Compared to bit-level verification, the testbench is untimed and operates using sequenced messages that bear transaction data (that is, attributes). The protocol implementation, which contains a description of the bit-level signals changing state and clocks synchronisation, is moved to transactors. In the testbench the focus is on functionality and not implementation – which aligns with DO-254, that is, specify what (the systems should do) and not how. It is also in keeping with the practices of the Universal Verification Methodology and the open source VHDL verification methodology, both of which are built around transactions.
If the DUT has asynchronous clocks and is not ready to respond to a given transaction (due to the phase differences of the clocks), it will postpone its operation. For this reason, TLM is recommended for designs with asynchronous clocks, whether high or low speed, because the modelling is more representative of real-life behaviour. Potential mismatches between simulation results (based on ideal behaviour) and in-hardware tests, which arise when transactions re-order or are delayed due to the non-deterministic behaviour, can be accommodated.
Accordingly, one thing needed for transaction-based verification is an untimed testbench, along with BFMs and verification IP.
Under transaction-based verification the entire design is tested using transactors, and that includes the testing of low-speed interfaces and other ports (such as interrupt signals and I/O data).
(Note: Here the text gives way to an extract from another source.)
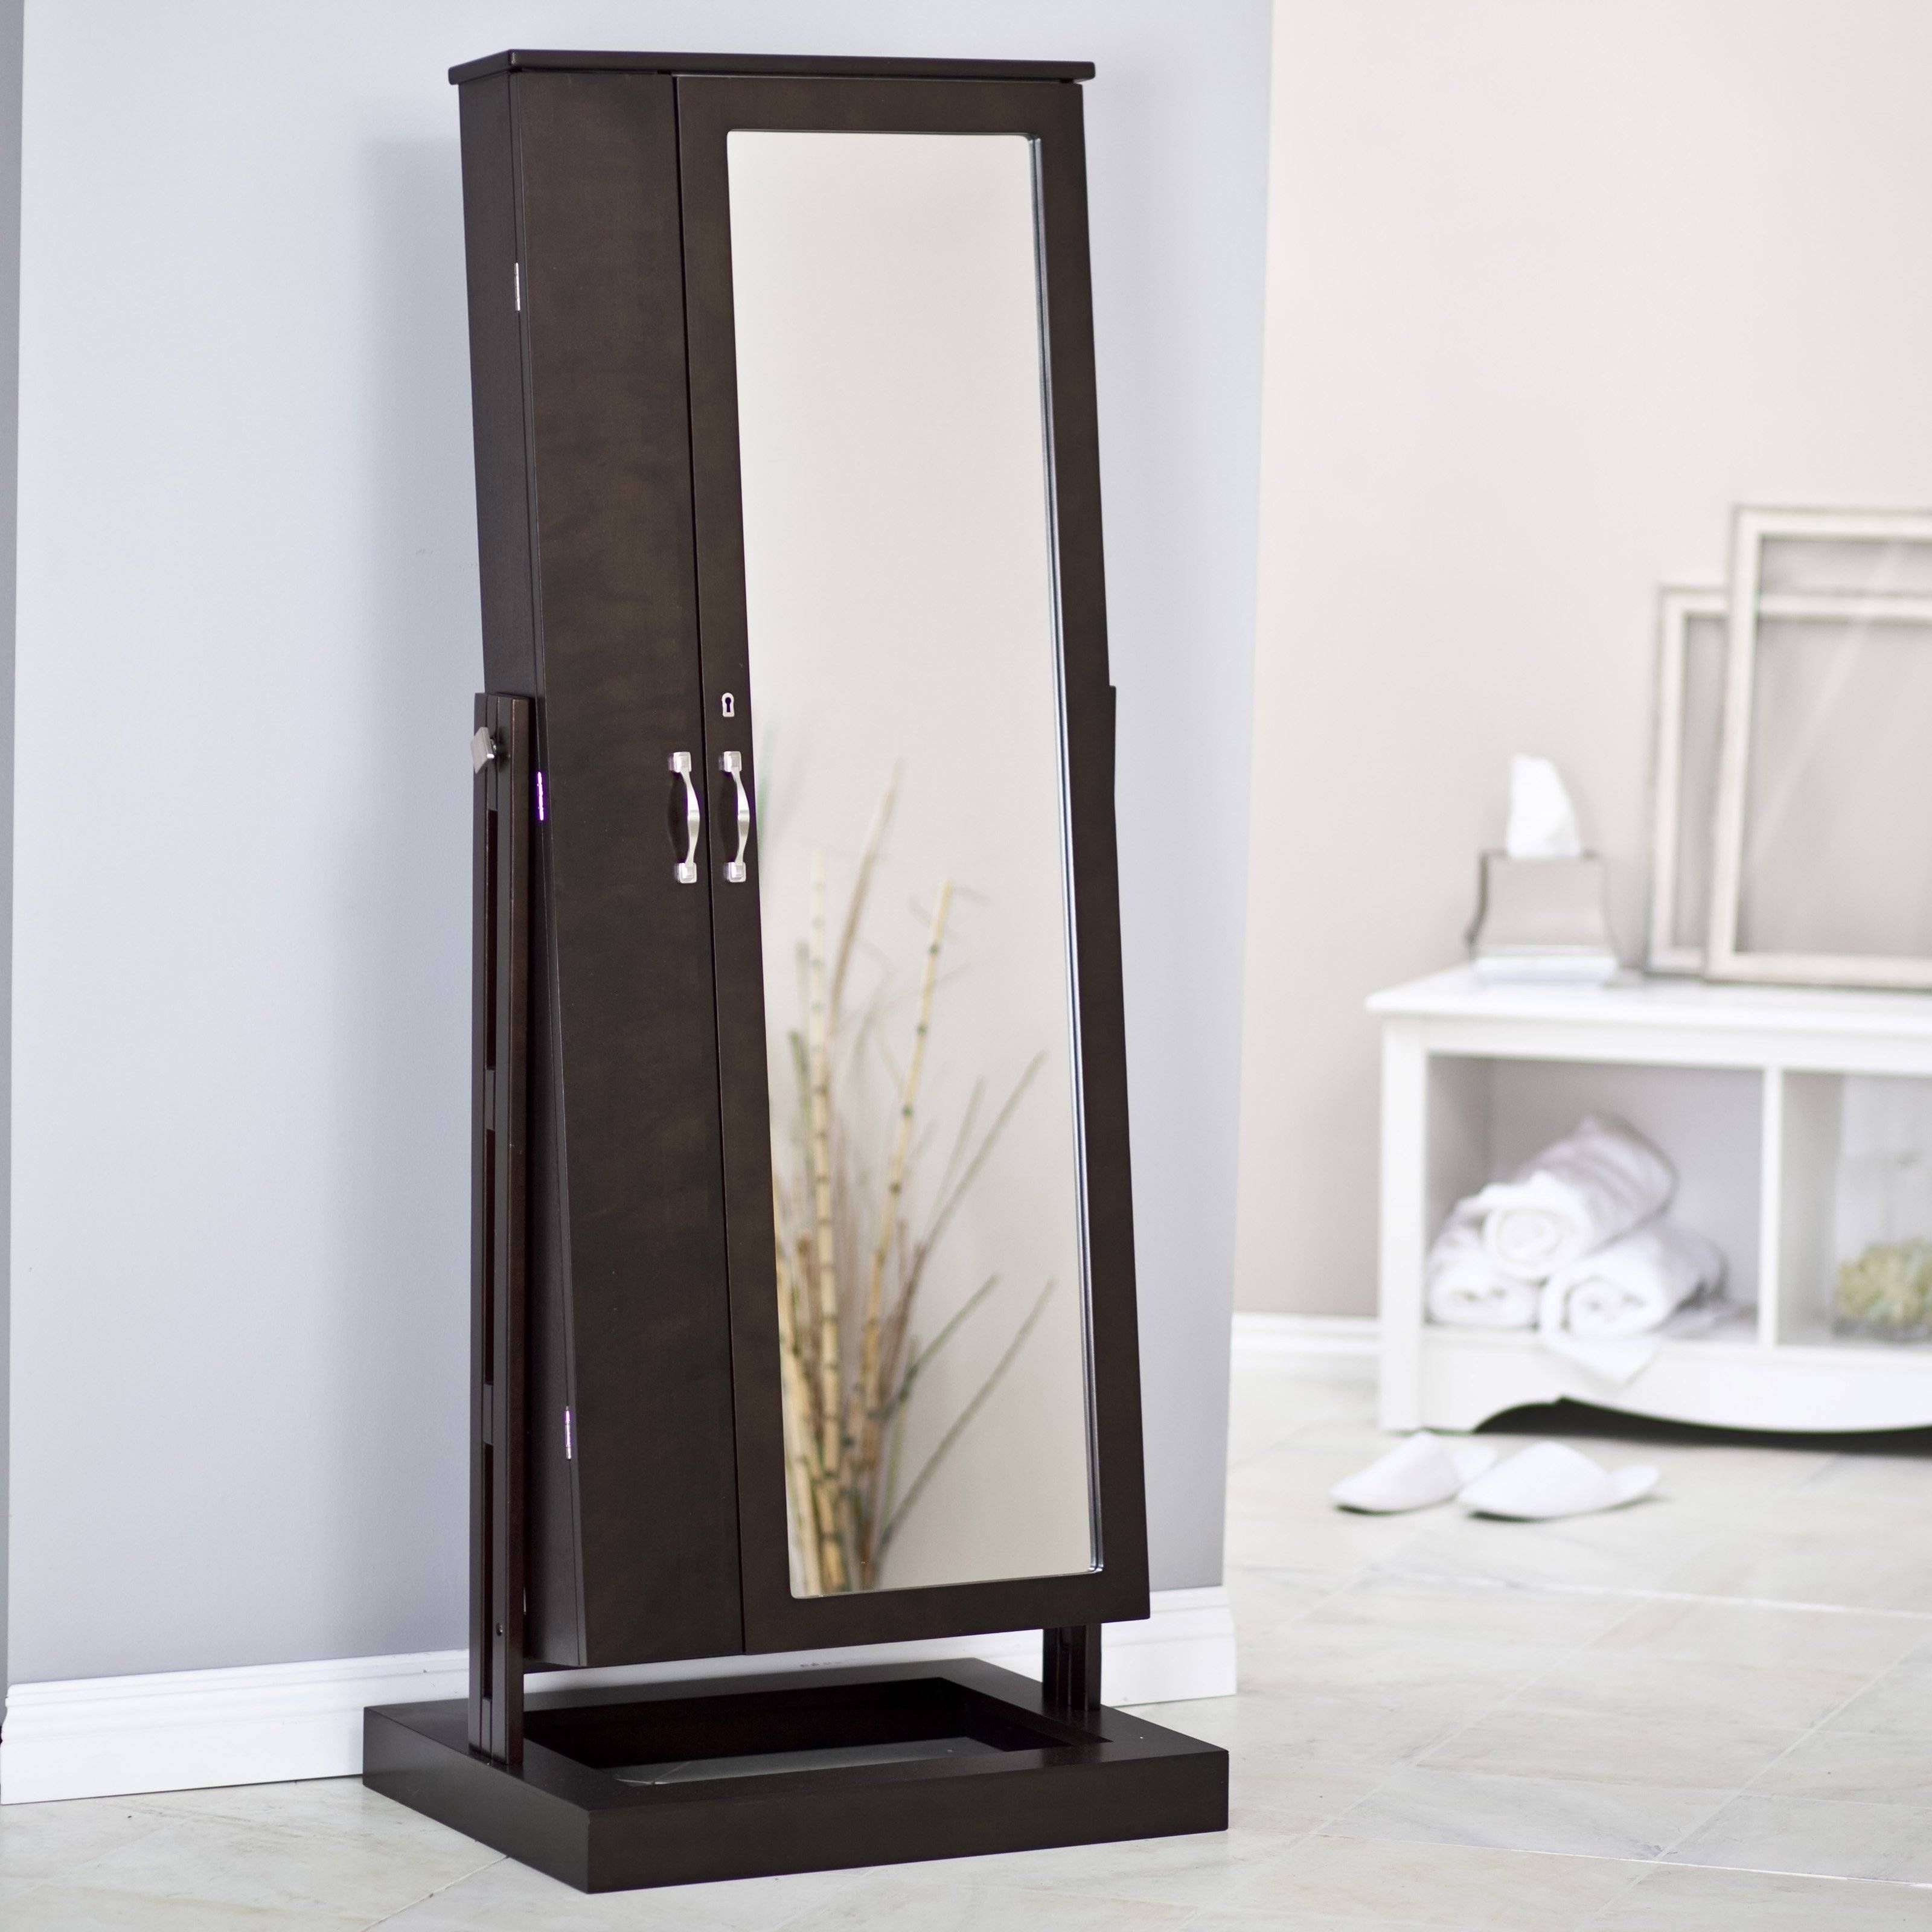 Decor: Stunning Heritage Jewelry Armoire Walmart Cheval Mirror Pertaining To Full Length Free Standing Mirrors With Drawer (View 15 of 25)

As in the CTS mentioned earlier it is possible to capture simulation data for in-hardware testing. This time the database contains a collection of transaction messages instead of bit-level and cycle accurate test vectors.
Following simulation of the testbench and the DUT, physical tests can be performed using the CTS (Figure 4).
The DUT is implemented in the target FPGA located on the daughter board, while transactors (synthesisable BFMs) are implemented in a controller on the motherboard. The transactional messages from the simulation database are sent to the hardware just before the test starts, ensuring the verification is done at full speed. When the test is done, the results are gathered from hardware and saved to another simulation database for analysis.
TLM overcomes the limitations of the bit-level verification for verifying FPGA designs with high-speed interfaces and multiple asynchronous clock domains. As a methodology, which supports all HDLs, it is suitable for use with custom off-the-shelf IP blocks for interfaces such as PCIe, AXI, Ethernet and ARINC because (in cost cases) those blocks are typically delivered with BFMs and verification IP. Untimed testbenches can be used, which are easier to write, review and maintain.